Noting that the booksellers failed to make a distinction between DRM, closed DRM, and Amazon’s device-specific DRM (which restricts users from transferring an ebook between 2 Kindles on the same account), the judge pointed out that Amazon’s highly restrictive DRM runs counter to the publishers’ interests and adds that “confusion on this point pervades the first amended complaint and the plaintiffs’ opposition papers.” In other words, the booksellers didn’t really understand some of the key technical details they were arguing about.
The judge goes into extensive detail on how the booksellers failed to show any wrongdoing on the part of publishers, so much so that I can’t cover it in this post. For that reason I am going to skip to the second part of the lawsuit, which concerns claims that Amazon monopolized the ebook market.
Under the Sherman Anti-trust Act, the plaintiffs had to prove that Amazon had a monopoly and that the retailer had acquired or maintained that monopoly “as distinguished from the growth or development as a consequence of a superior product”.
The judge ruled that they failed to prove either point, and in fact the arguments made by the booksellers defeated themselves. Much of this second part of the ruling simply cites the first half and adds ditto marks, though there is one section that I thought worth noting.
For example, there was a mention that the publishers had 60% of the print book market, but no mention of their combined ebook market share. The judge noted that “Without more detailed allegations or explanation, the Court cannot reasonably infer that these two markets simultaneously are so different that e-books and print books are not acceptable substitutes, and yet so similar that the Publishers’ market share is the same in both markets.”
And in the theme of beating a dead horse, the judge also noted that if one multiplied Amazon 60% ebook market share with the publishers’ 60% share, the resulting 36% would fail to show market power.
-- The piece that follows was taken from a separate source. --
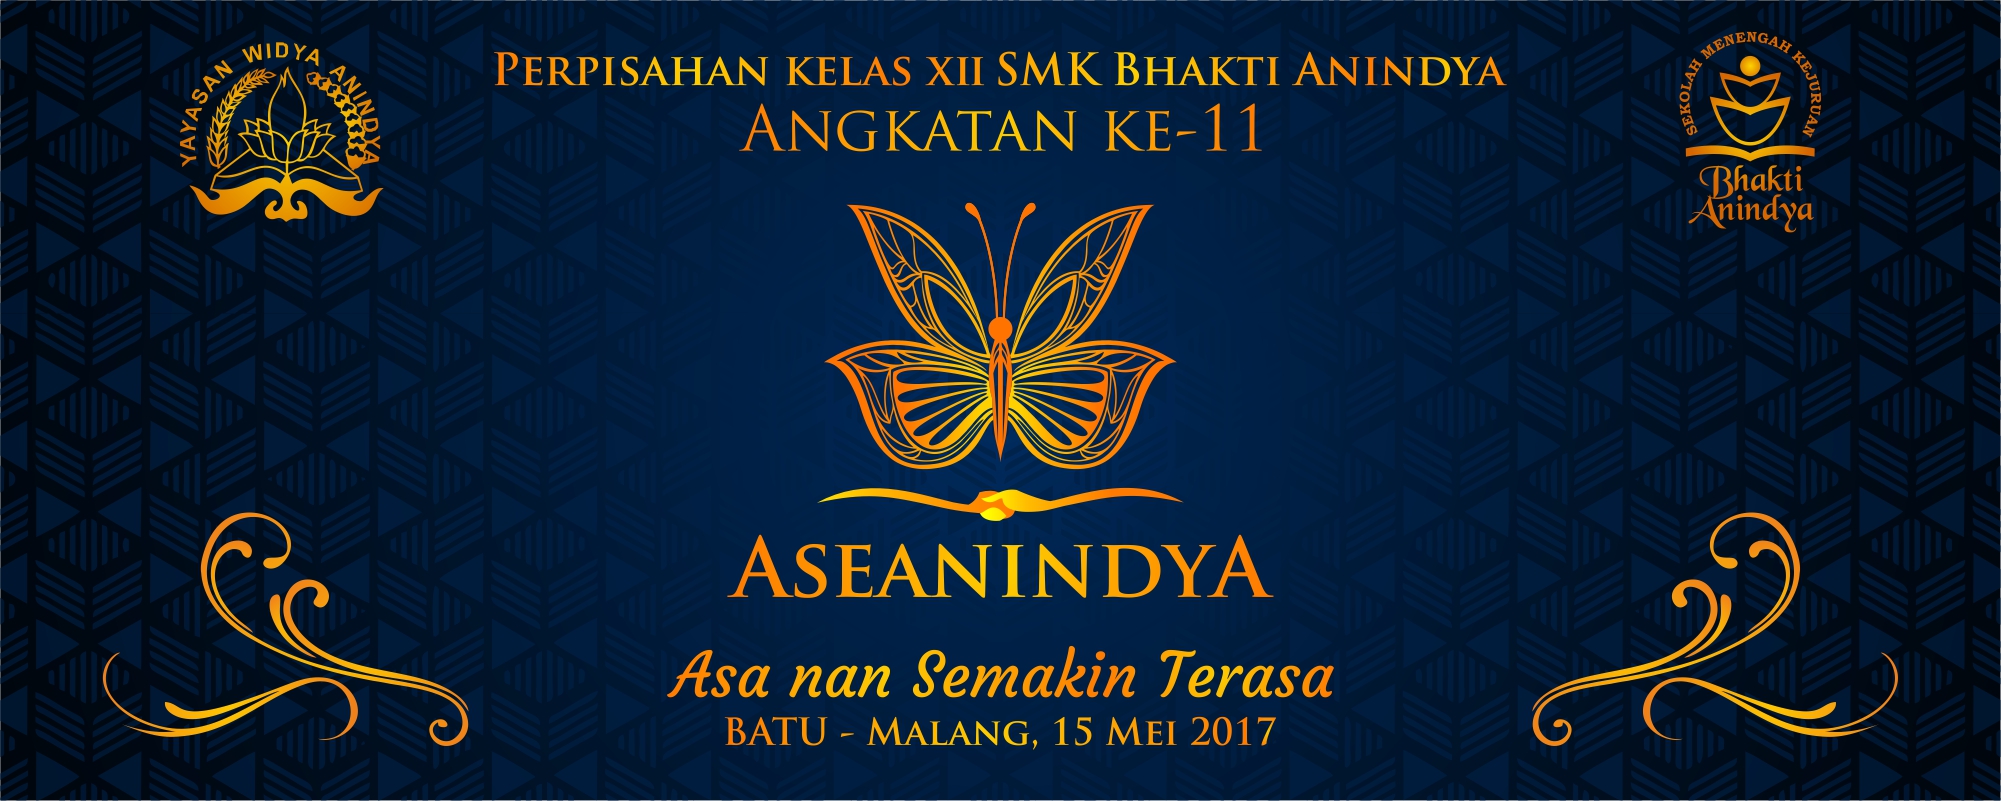 ASEANINDYA: Perpisahan kelas XII angkatan 11 SMK Bhakti Anindya Tangerang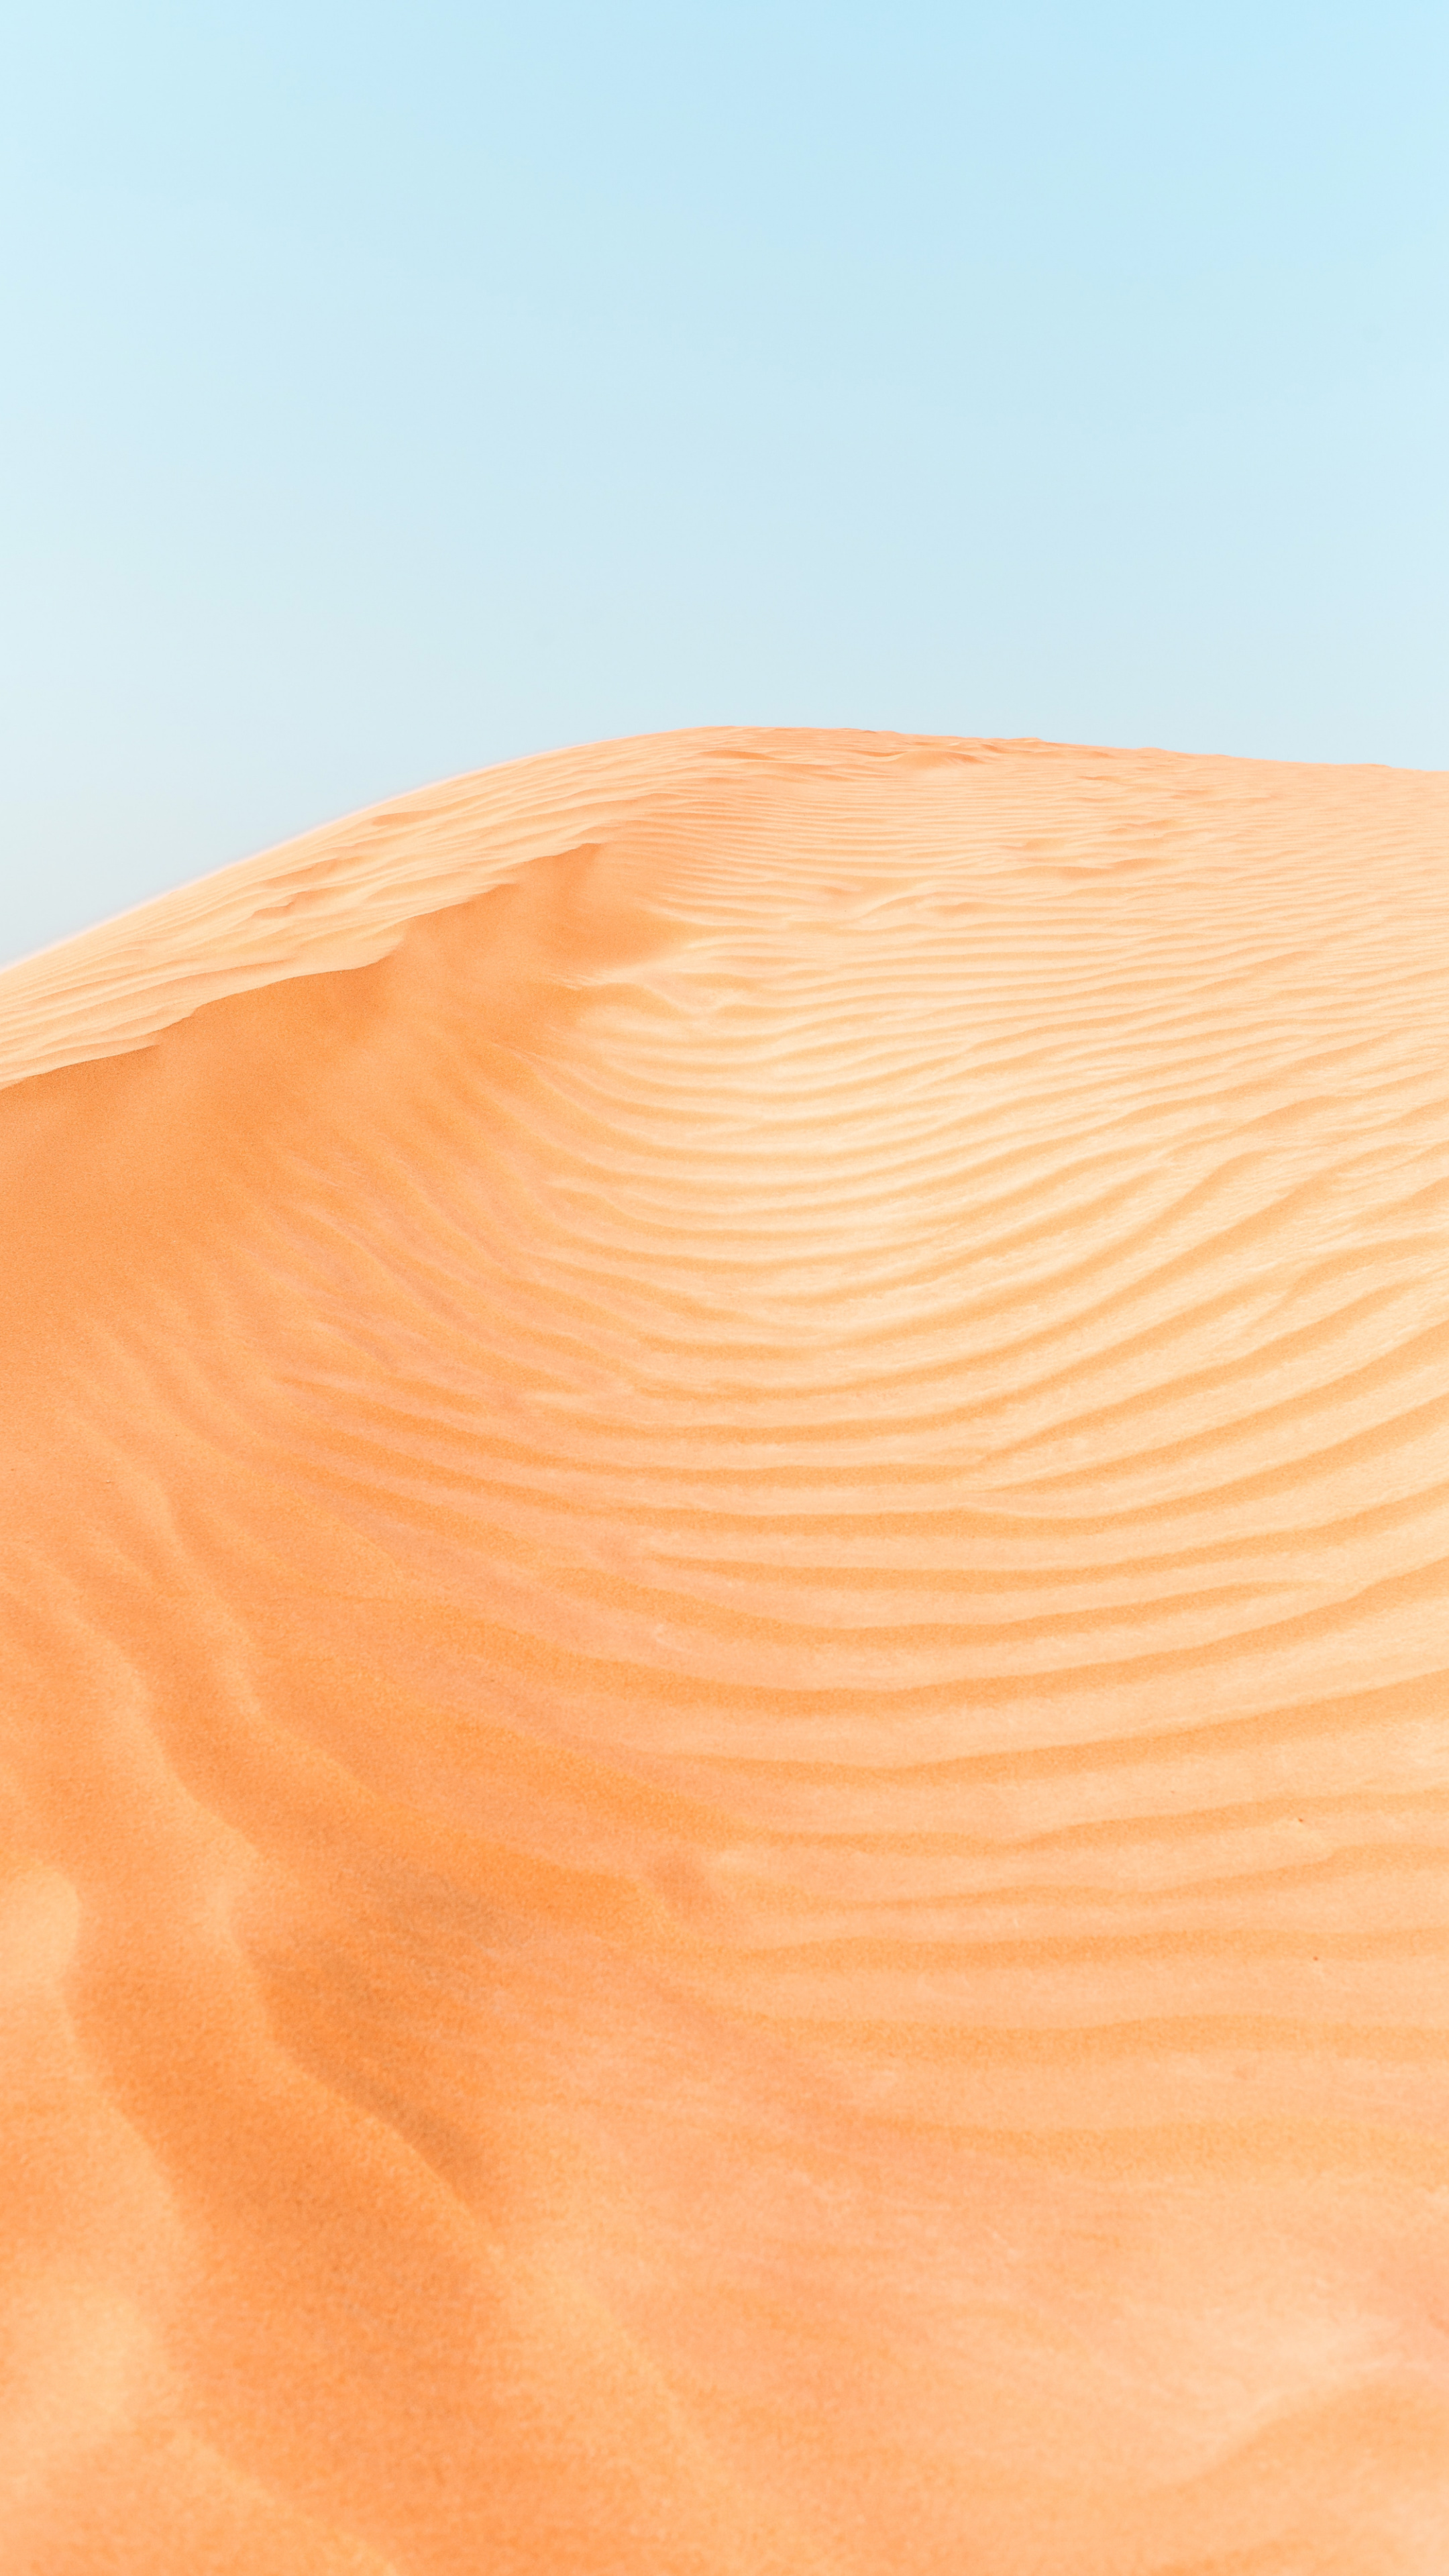 荒凉的沙漠风景个性手机壁纸

This naturally raises the question of just how a conspiracy between all 6 publishers and Amazon would have had a major effect on the ebook market.
The judge also addressed Amazon’s 60% ebook market share and points out that previous court rulings had created a precedent to the effect that Amazon’s alleged market share was not enough to prove monopoly – not without evidence of Amazon’s ability to exclude competition or control prices.
Basically the presence of Nook, iBooks, and the many other ebookstores launched in the past 6 years stood as proof that Amazon did not have a monopoly.
All in all, this ruling is an interesting read, and I am grateful to Publishers Lunch for posting it.